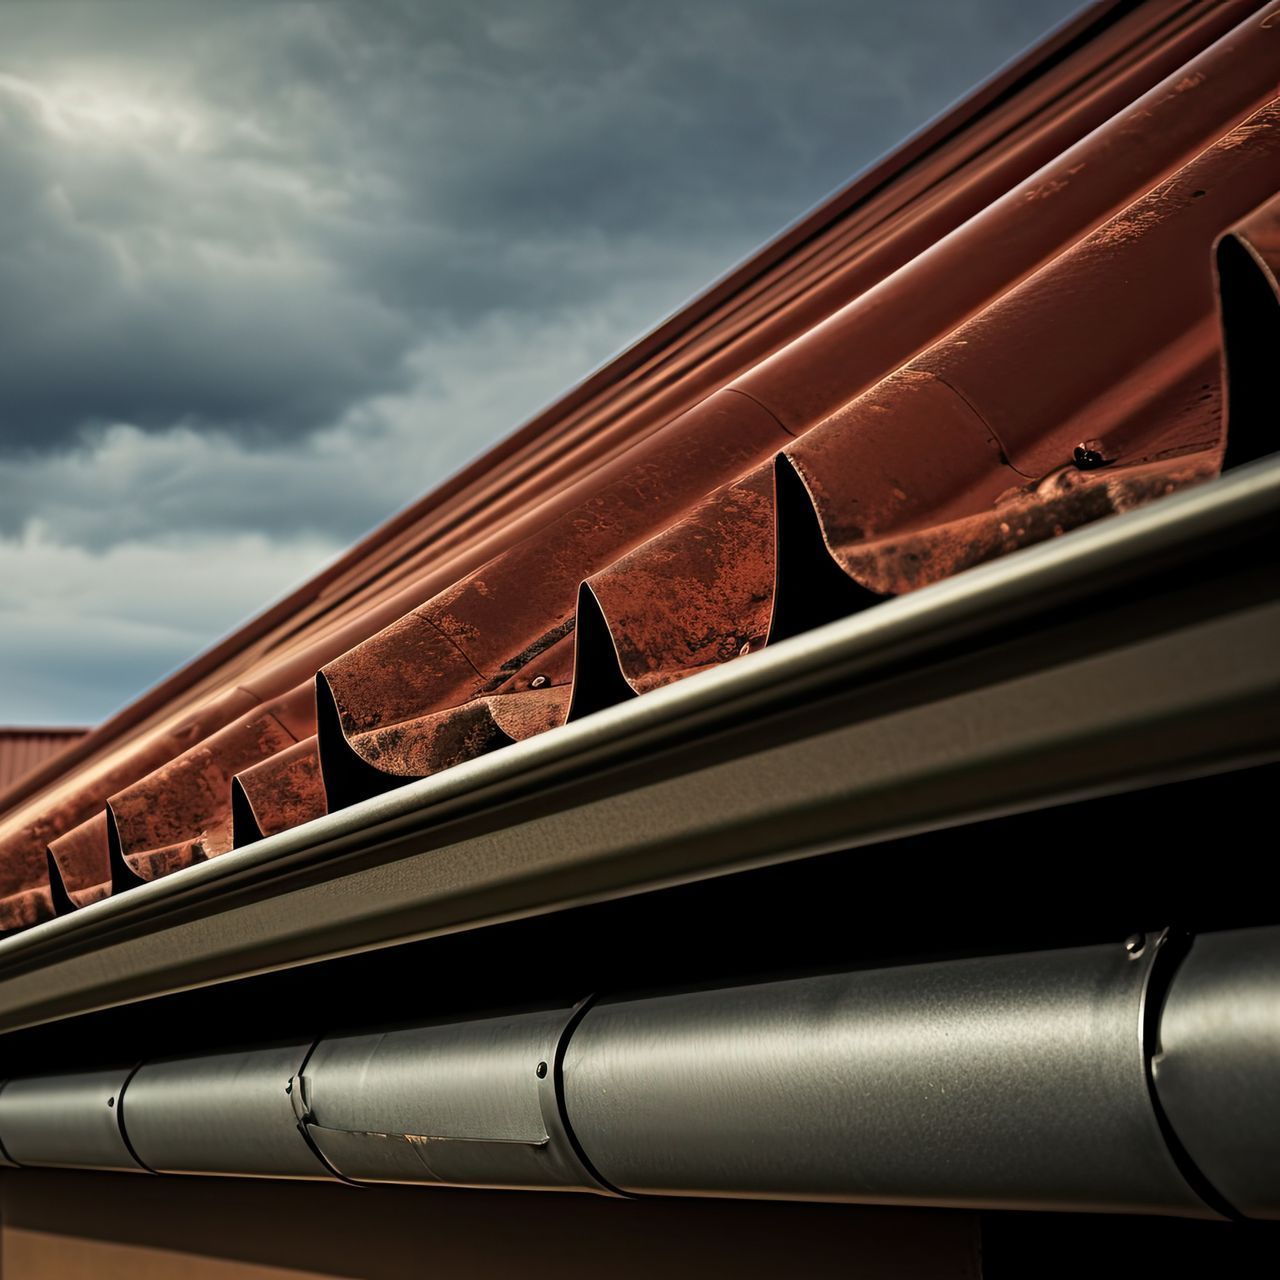 A close up of a gutter on a roof with a cloudy sky in the background
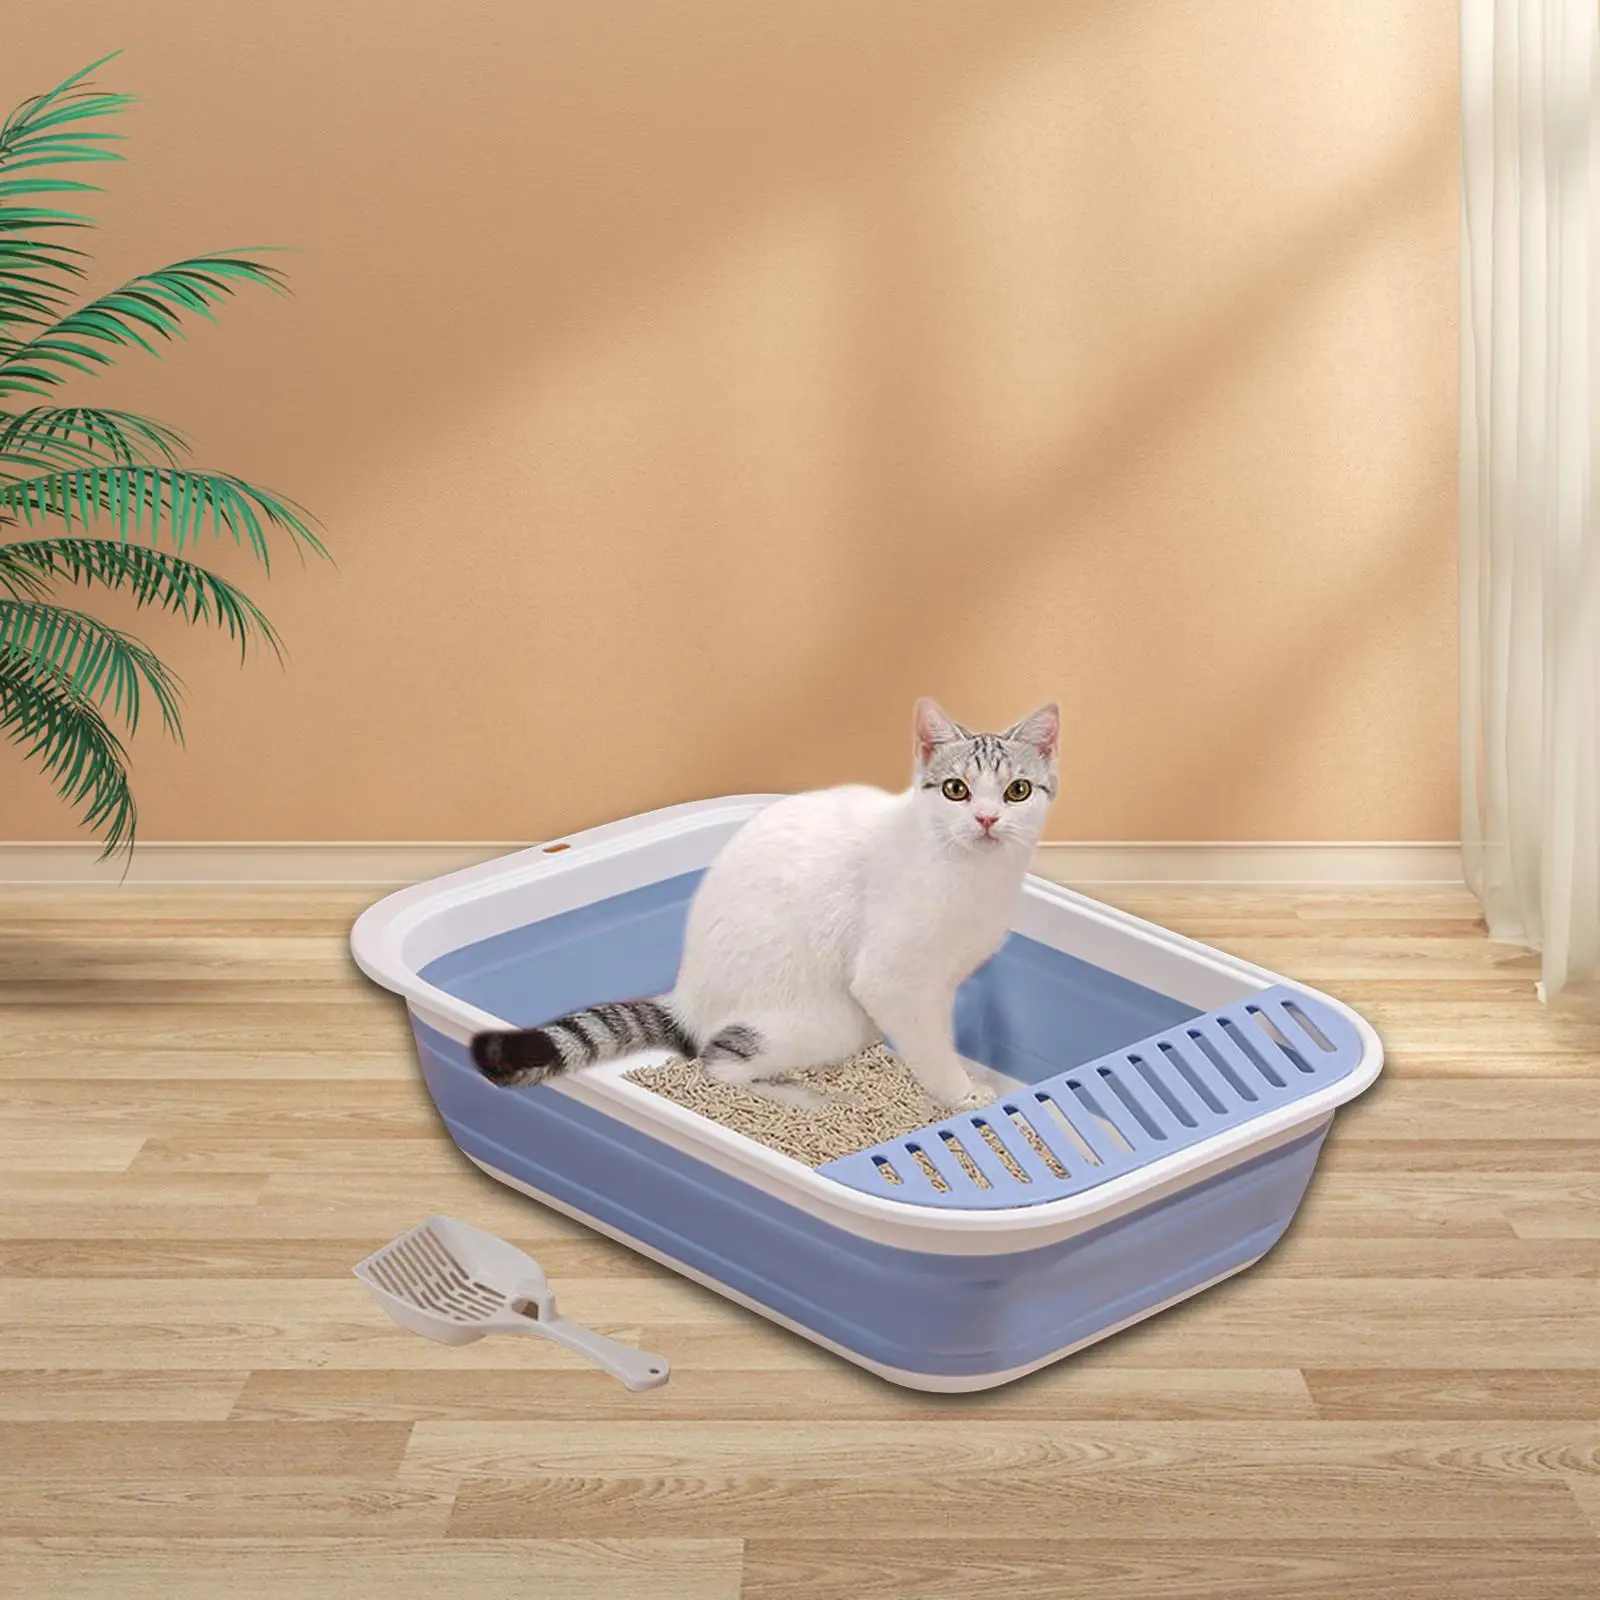 Cat Litter Box Folding Cat Sandbox Pet Litter Tray for Rabbit All Kinds of Cat Litter Small Animals Easy to Clean, No Odor
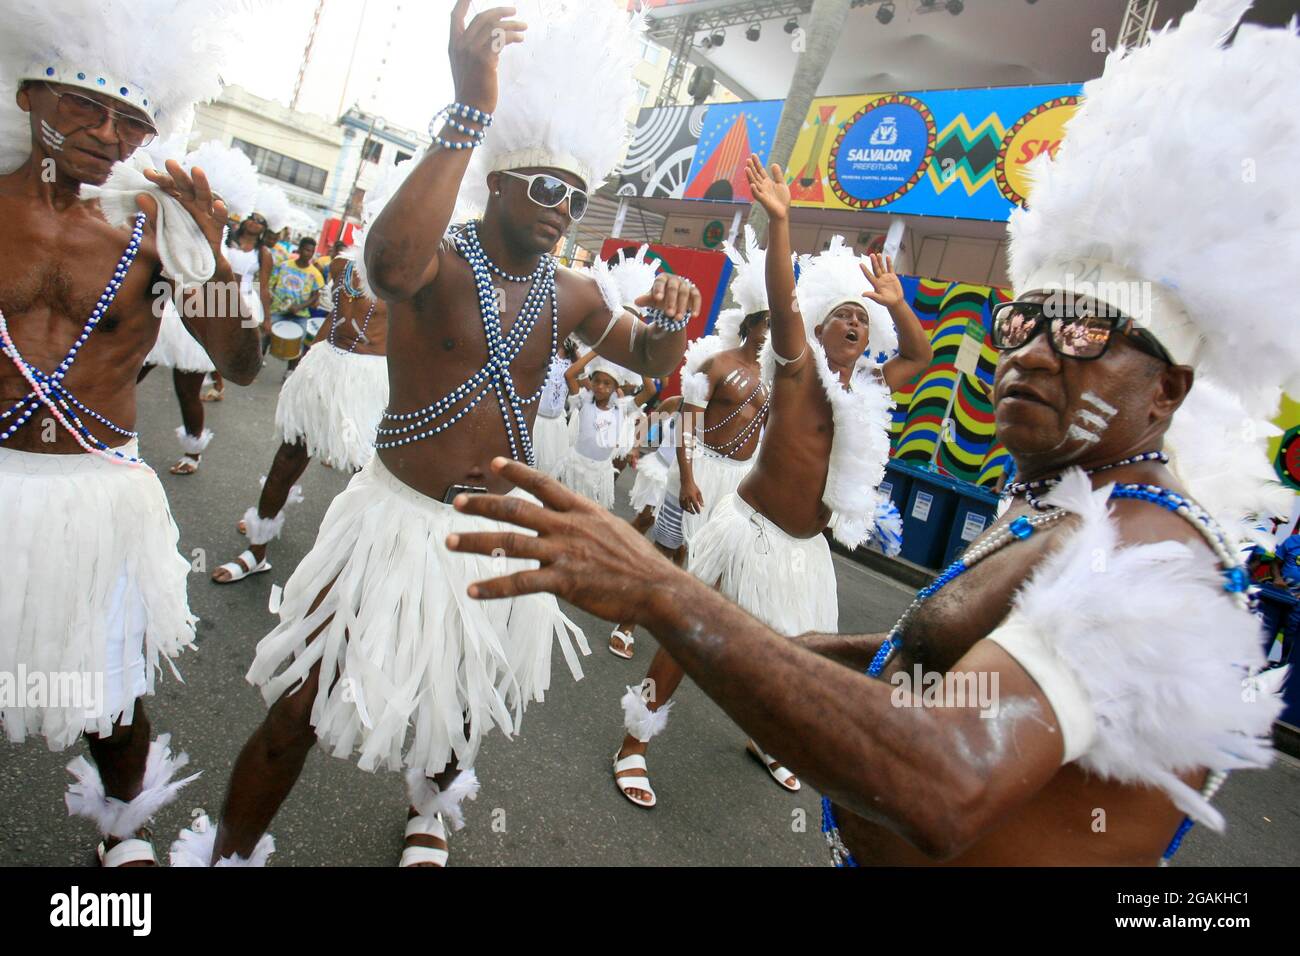 salvador, bahia, brazil - february 24, 2017: Members of the Commanches carnival block are seen during a parade on the Salvador city's carnival circuit Stock Photo
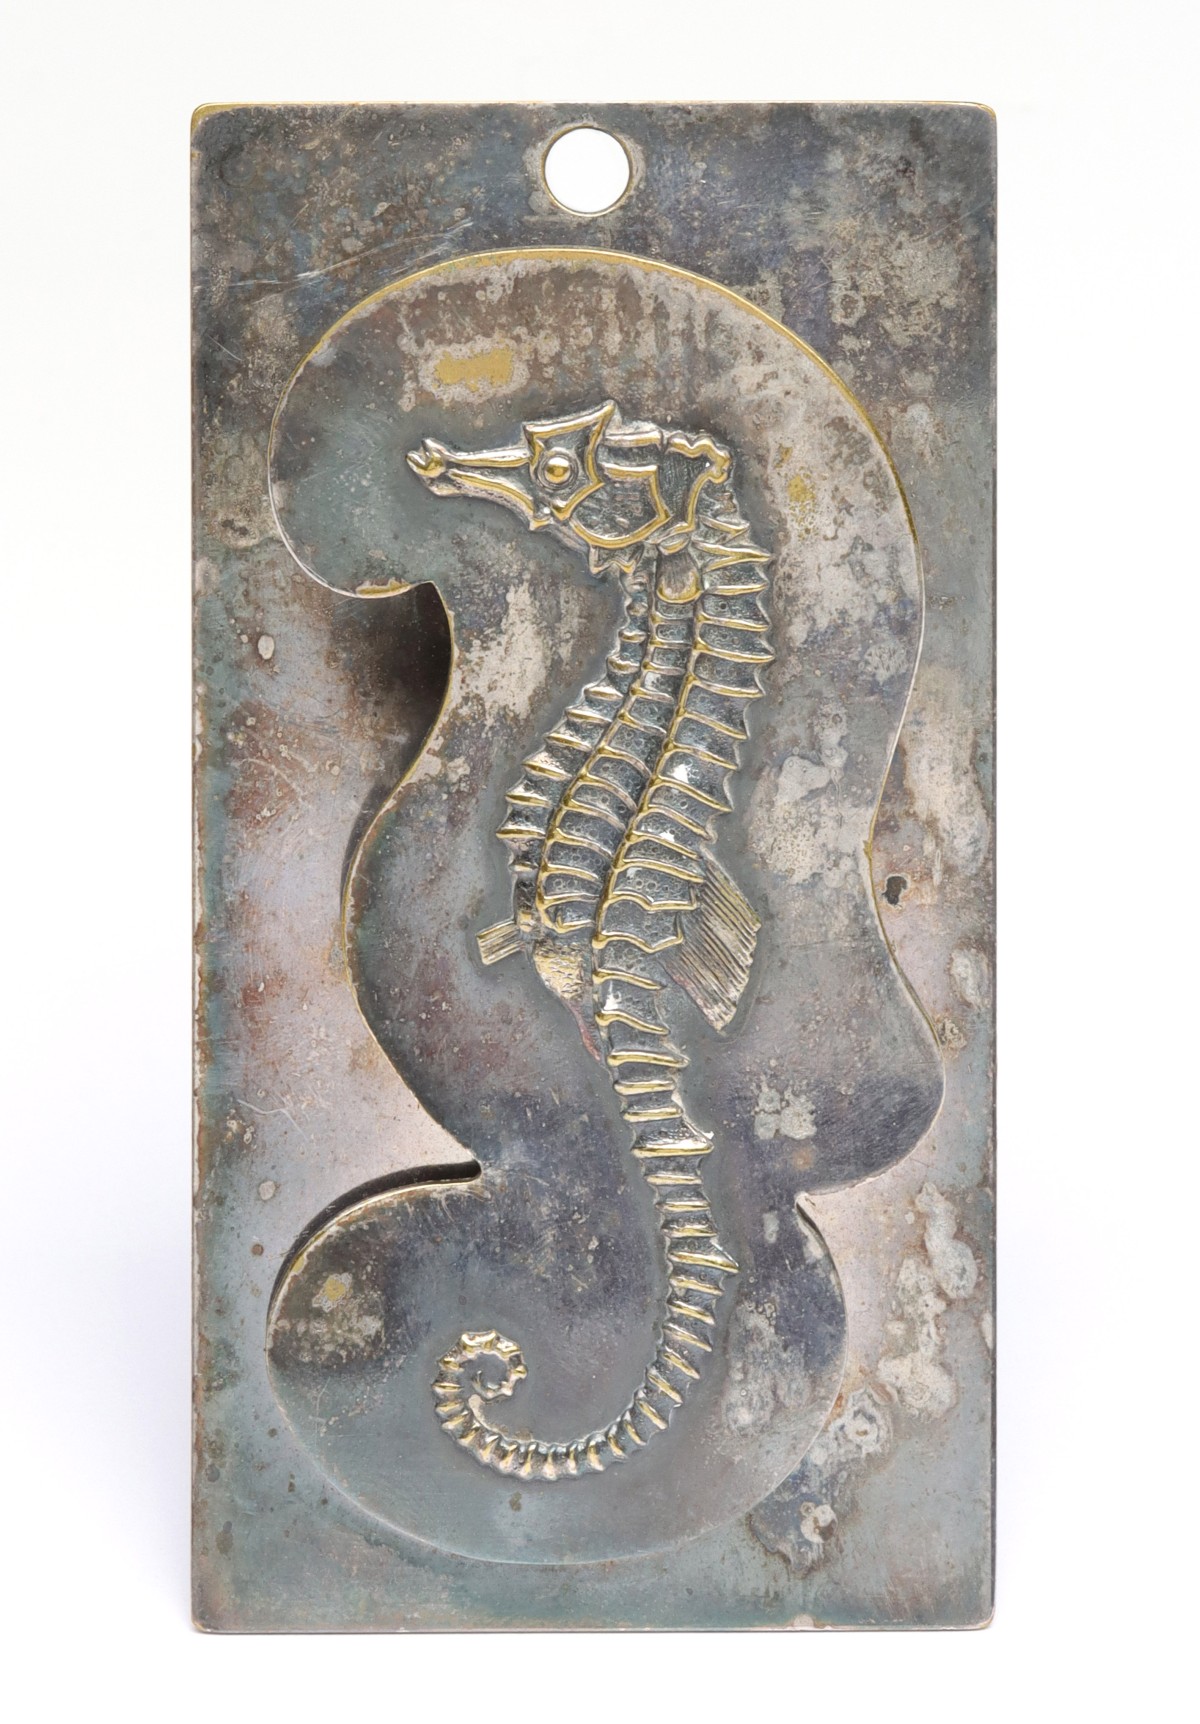 SILVER PLATED LETTER CLIP WITH SEAHORSE 1880-1910
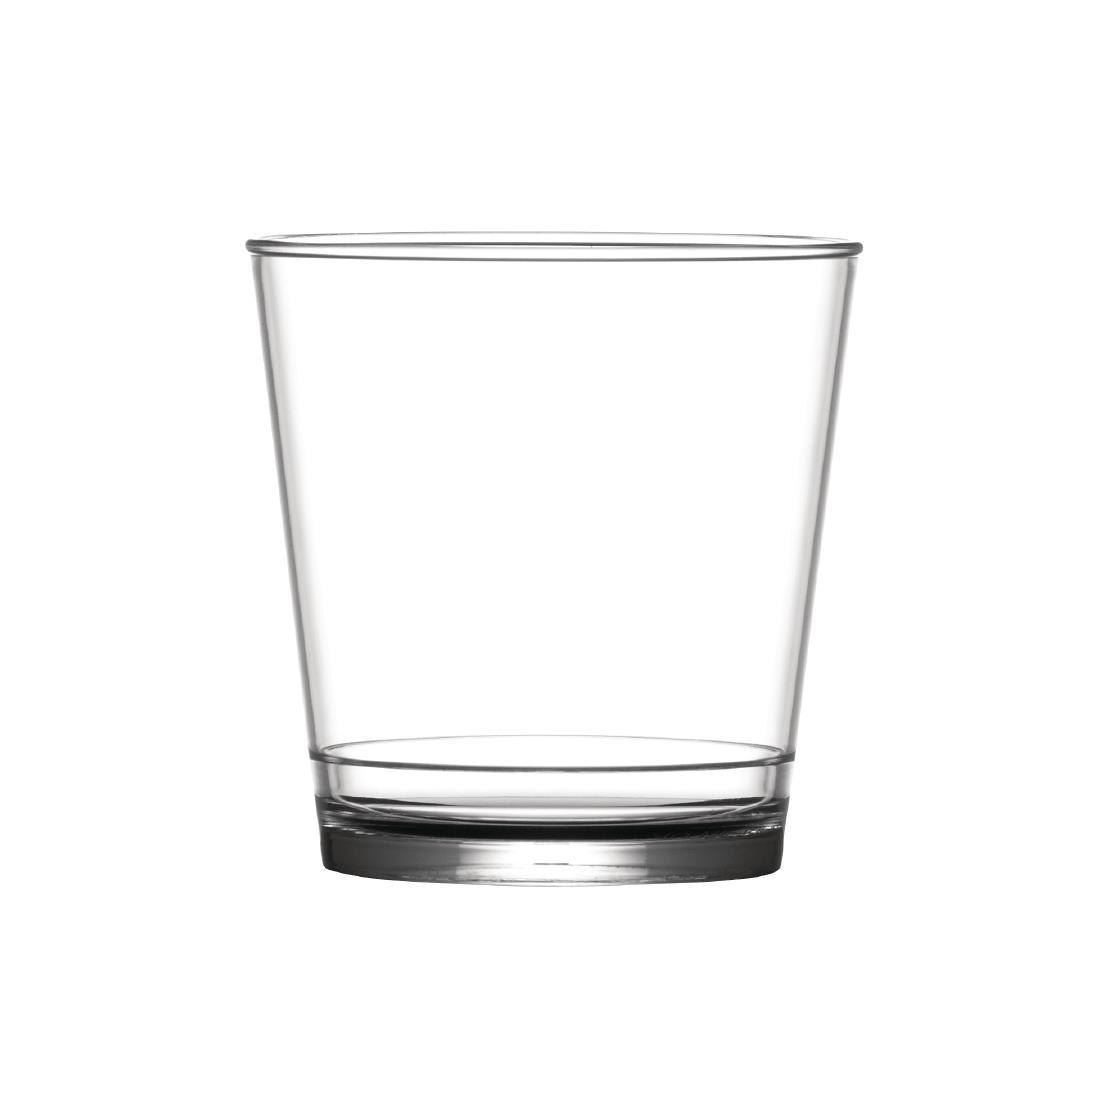 BBP Polycarbonate In2Stax Whisky Rocks Glasses 256ml (Pack of 48) - DC422  - 1

----

TASK DIRECTIONS :: Transcribe the lines above exactly, setting aside any picture among them.

ANSWER AREA ::
 A close up of a gutter on a roof with a cloudy sky in the background
 Cat Litter Box Folding Cat Sandbox Pet Litter Tray for Rabbit All Kinds of Cat Litter Small Animals Easy to Clean, No Odor
 salvador, bahia, brazil - february 24, 2017: Members of the Commanches carnival block are seen during a parade on the Salvador city's carnival circuit Stock Photo
 SILVER PLATED LETTER CLIP WITH SEAHORSE 1880-1910
 BBP Polycarbonate In2Stax Whisky Rocks Glasses 256ml (Pack of 48) - DC422  - 1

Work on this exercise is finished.